The Research Data Alliance (RDA) Working Group on data citation has been working in this area, and the Federation of Earth Science Information Partners (ESIP Federation) held a workshop on Dynamic Data Citation this year. In this talk, Ruth will describe the the current state of research data citation and the results of these recent efforts.
As a data scientist/engineer, Ruth Duerr has been interested in four fields of inquiry: science data management, digital archives management, records management, and digital library science. All four fields are developing separately, yet share similar problem spaces—how to make available and preserve digital data and information over time. Her research interests involve nearly all aspects of data stewardship. She currently is a PI and/or Project Manager for several ongoing and recent data management and cyberinfrastructure projects funded by NSF, NASA and NOAA.
Wednesday, September 30th, 4:00 – 6:00 PM
Rescuing Vanishing Heritage Data: Why, How, Who, Where, & When? A brief review
- Dr. Elizabeth Griffin, Dominion Astrophysical Observatory, Victoria, Canada
Data Rescue has never been more relevant than today, when quantitative information on matters pertaining to long-term climate change and other environmental properties of Planet Earth is sorely needed. Yet progress is seriously patchy. We review what is driving current activities, the status of group efforts, the hurdles, and the outlook.
Dr. Elizabeth Griffin is a research astrophysicist, educated in the UK and carrying out research in Cambridge (UK) for 30 years, then in Oxford, and is now continuing those projects at the Dominion Astrophysical Observatory (Victoria, Canada). Early experience with photographic recording of data (before computers and CCDs were on the horizon) encouraged her to pioneer the rescue (through programs of digitization) of the information on many of Astronomy’s plates regarding stellar variability, and from there to team up with other similar projects in a diversity of scientific fields. She co-Chairs (with David Gallaher) an international WG for Data Rescue, and meets all types of reactions to Data Rescue, from hugely supportive to downright skeptical.
Following Elizabeth’s presentation to the BESSIG, there will be a group discussion of opportunities and logistics for the workshop. As it offers the chance to bring data programs together from across the Front Range, we would like to identify workshop organizing committee members and workshop partners who can take the lead on planning and supporting a fantastic international event. Please bring your great ideas and data rescue experiences to share in this exciting conversation!

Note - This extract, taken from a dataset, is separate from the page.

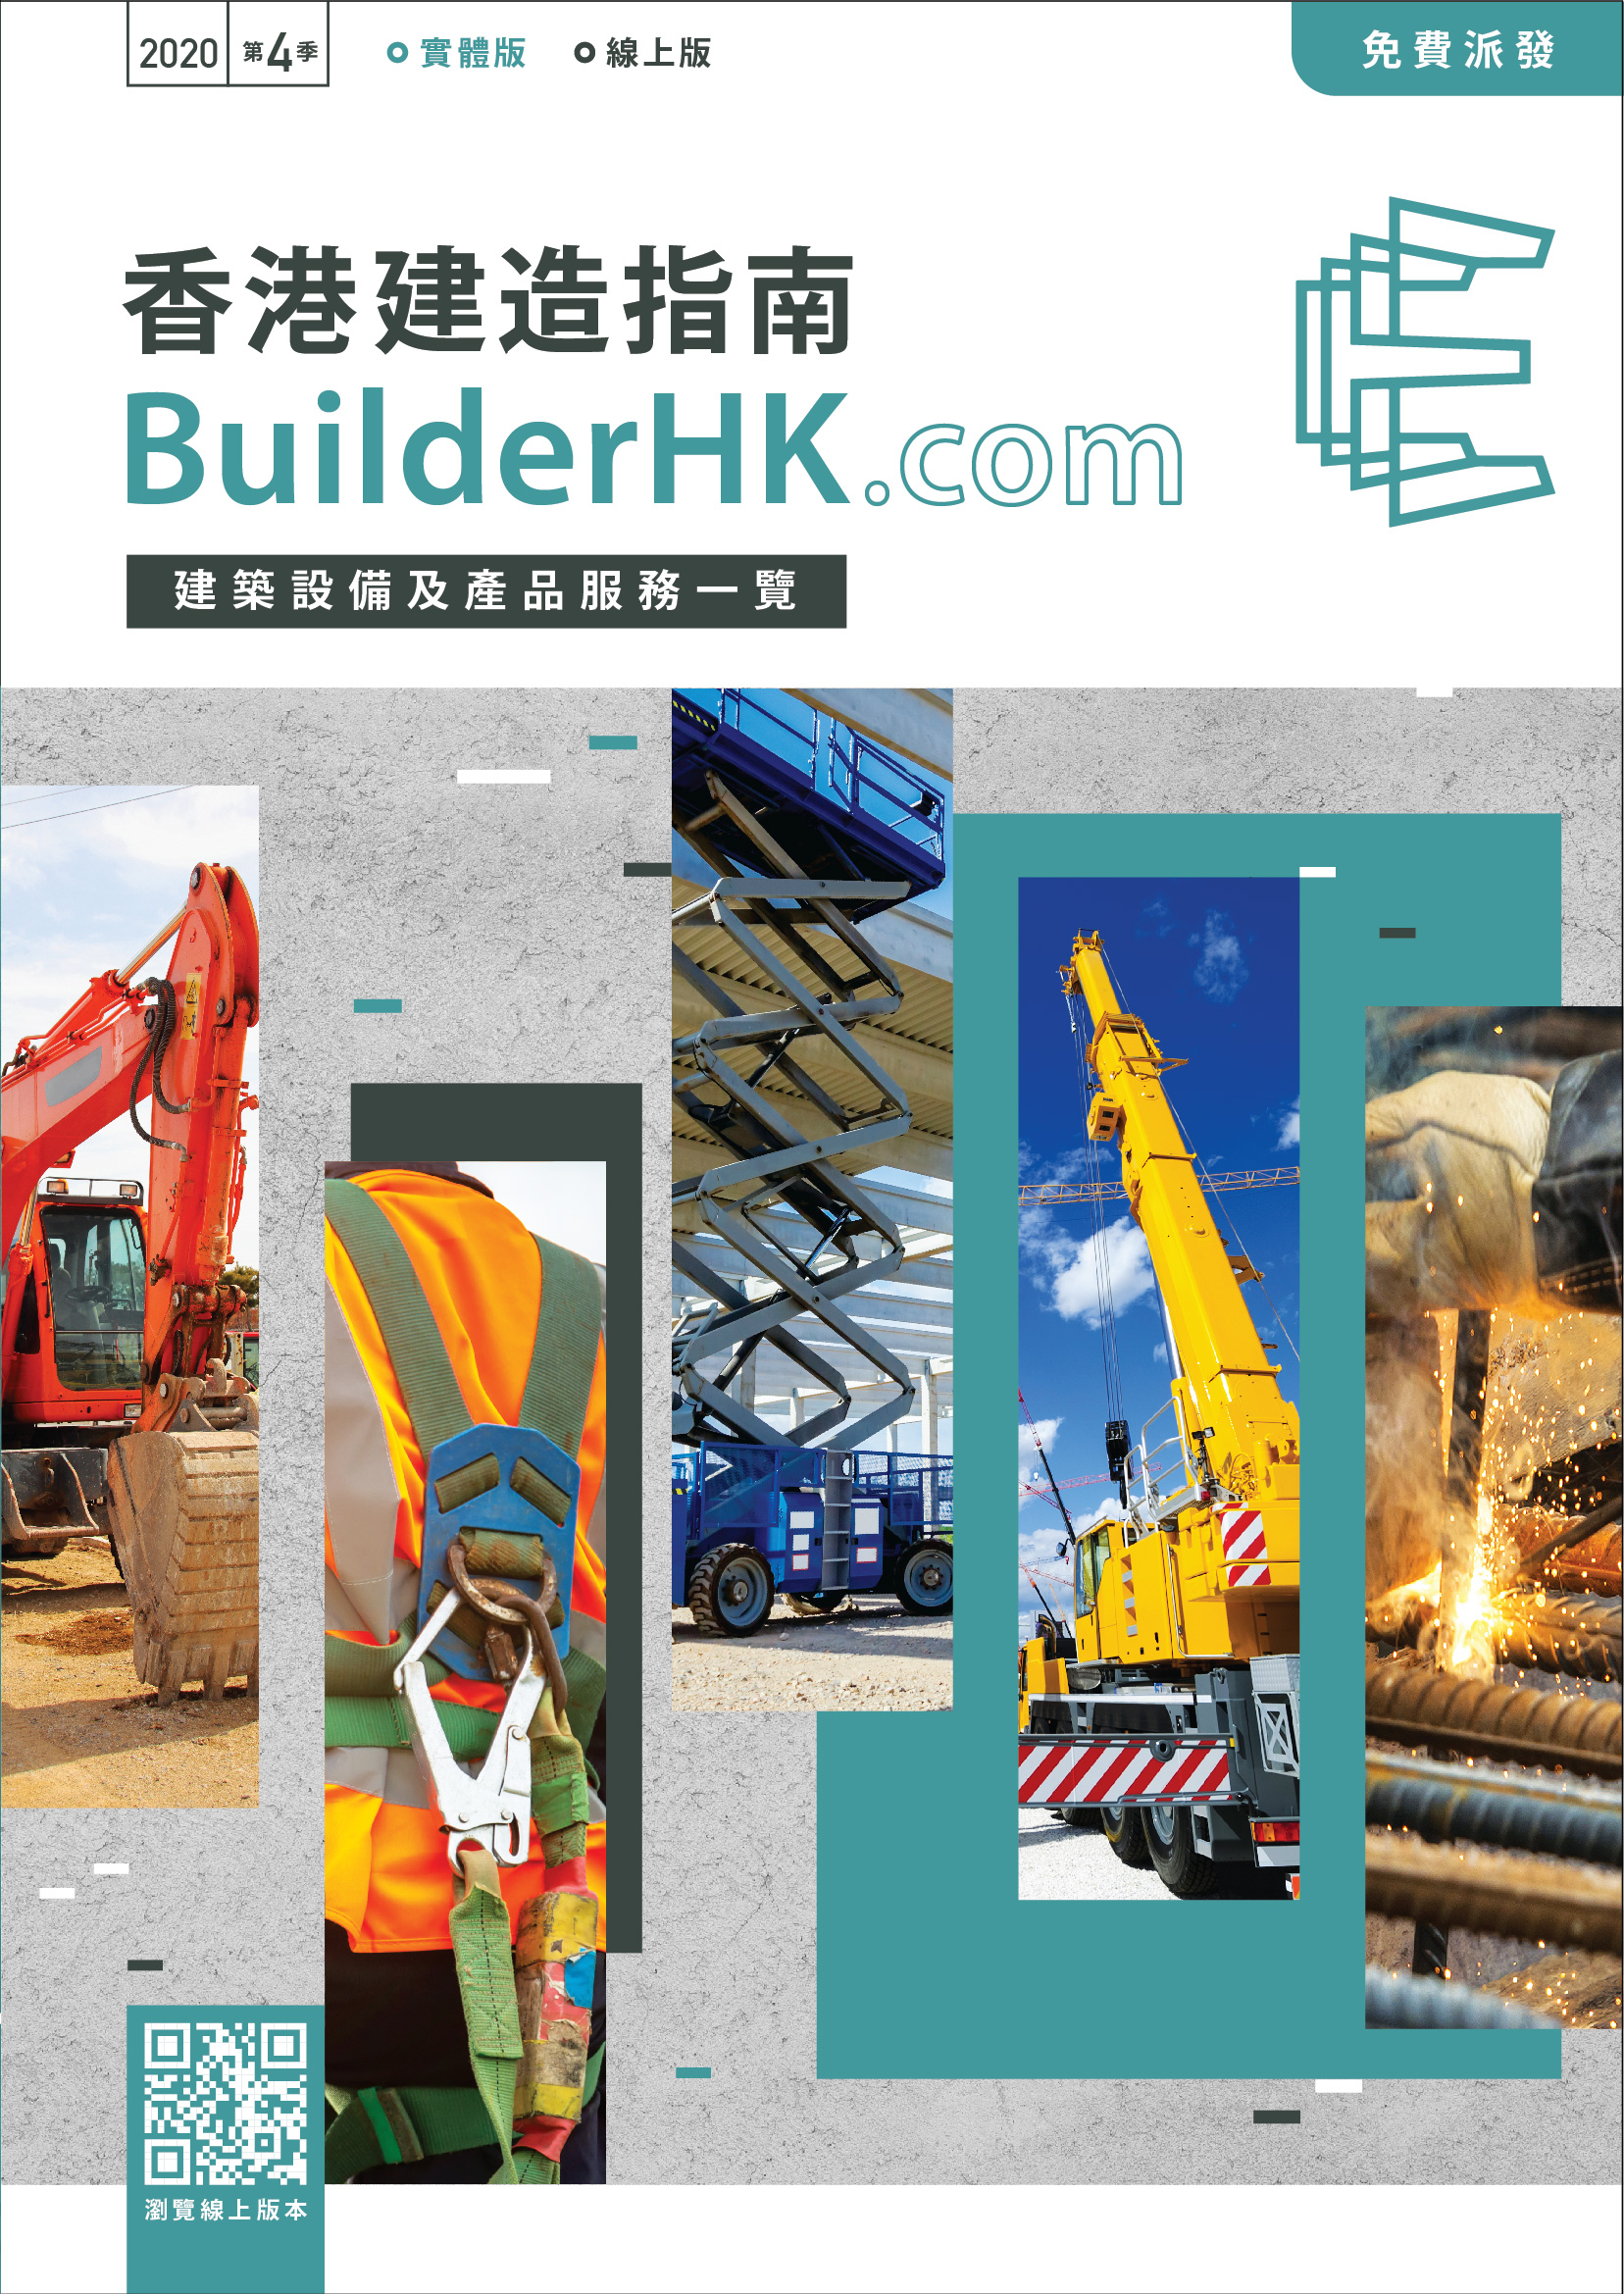 BuilderHK Booklet 2020 Q4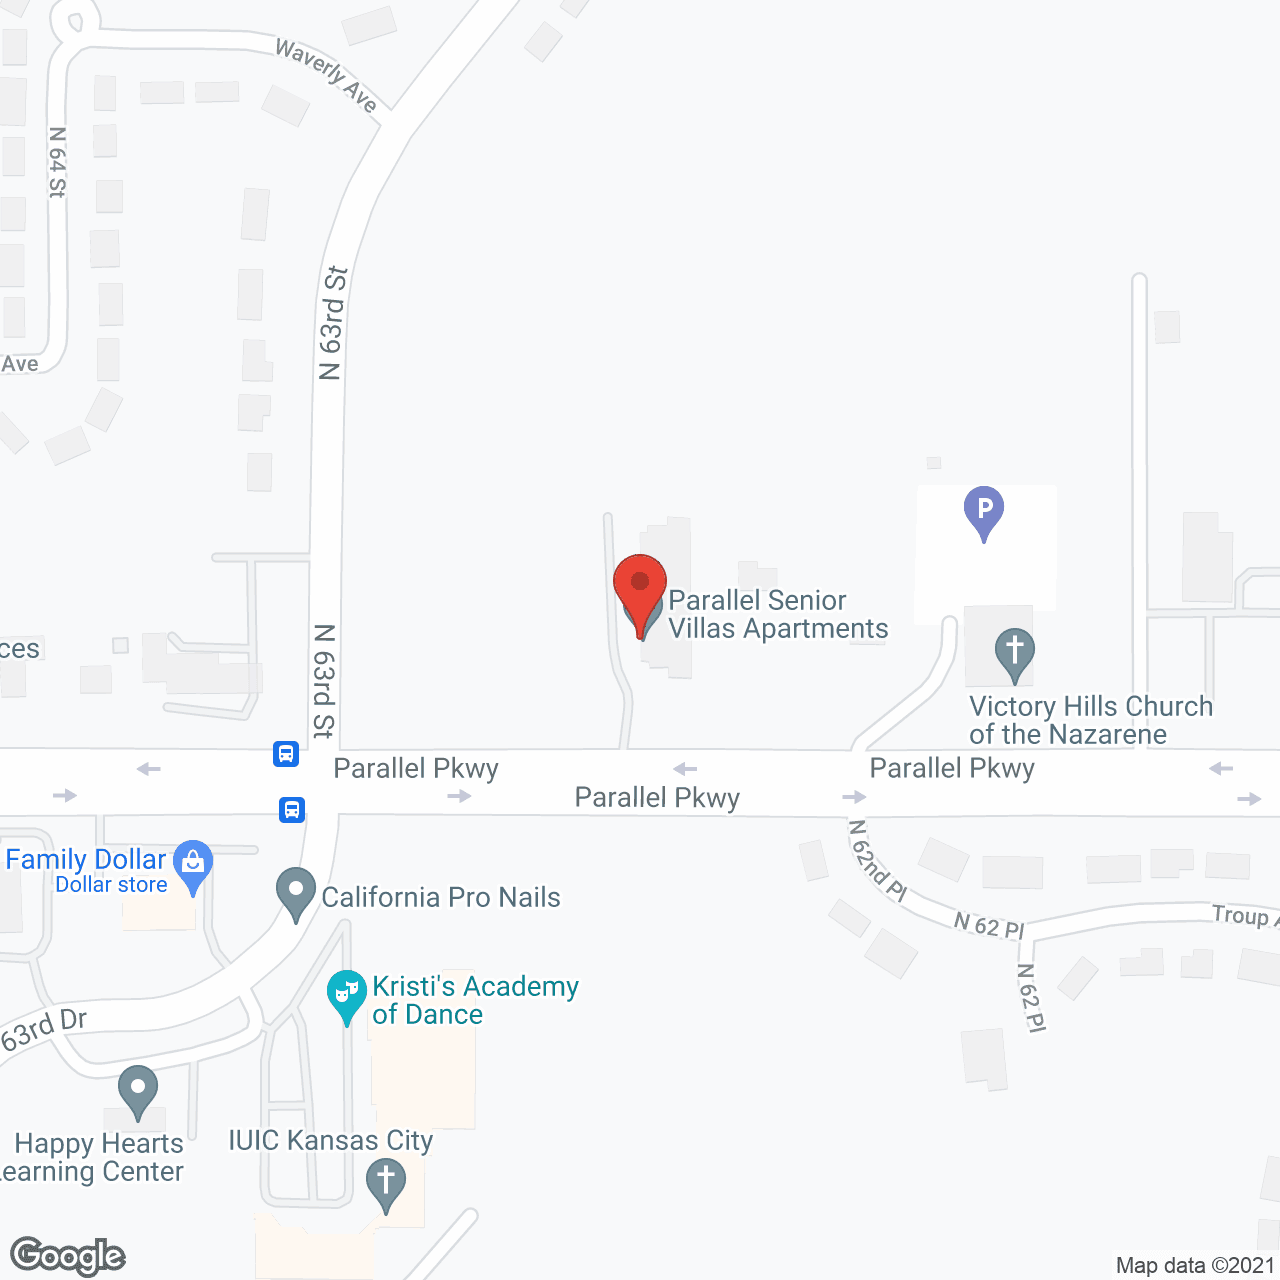 Parallel Senior Villas in google map

Monday, September 21st, 4:30 – 6:00 PM
Ontology Reuse in Geoscience Semantic Applications
- Matt Mayernik, Project Scientist and Research Data Services Specialist, UCAR Library
Interplays between local ontology development and the establishment of wider ontology connections are fundamental to the Semantic web. This presentation will discuss the goals and work of the EarthCollab project, focusing on ontology selection, consolidation, and reuse driven by geoscience use cases. The EarthCollab project is a collaboration between UCAR, Cornell University, and UNAVCO to leverage semantic technologies to manage and link geoscientific information and resources. We are using the VIVO semantic web software suite to support the discovery of information, data, and potential collaborators within the geodesy and polar science communities.
We will present our ontology design approach, which is heavily emphasizing ontology reuse, and how the different needs of each use case have informed our ontology selection and design. In specific, we will discuss our approach to bringing together the VIVO-Integrated Semantic Framework (VIVO-ISF) ontology, the Global Change Information System (GCIS) ontology, and the Data Catalog (DCAT) ontology, among others, using the VIVO application. We are interested in engaging the BESSIG community in discussions around 1) key decision points for new semantic web applications in deciding when to reuse existing ontologies and when to develop original ontologies, 2) the benefits and drawbacks of using and expanding existing ontologies.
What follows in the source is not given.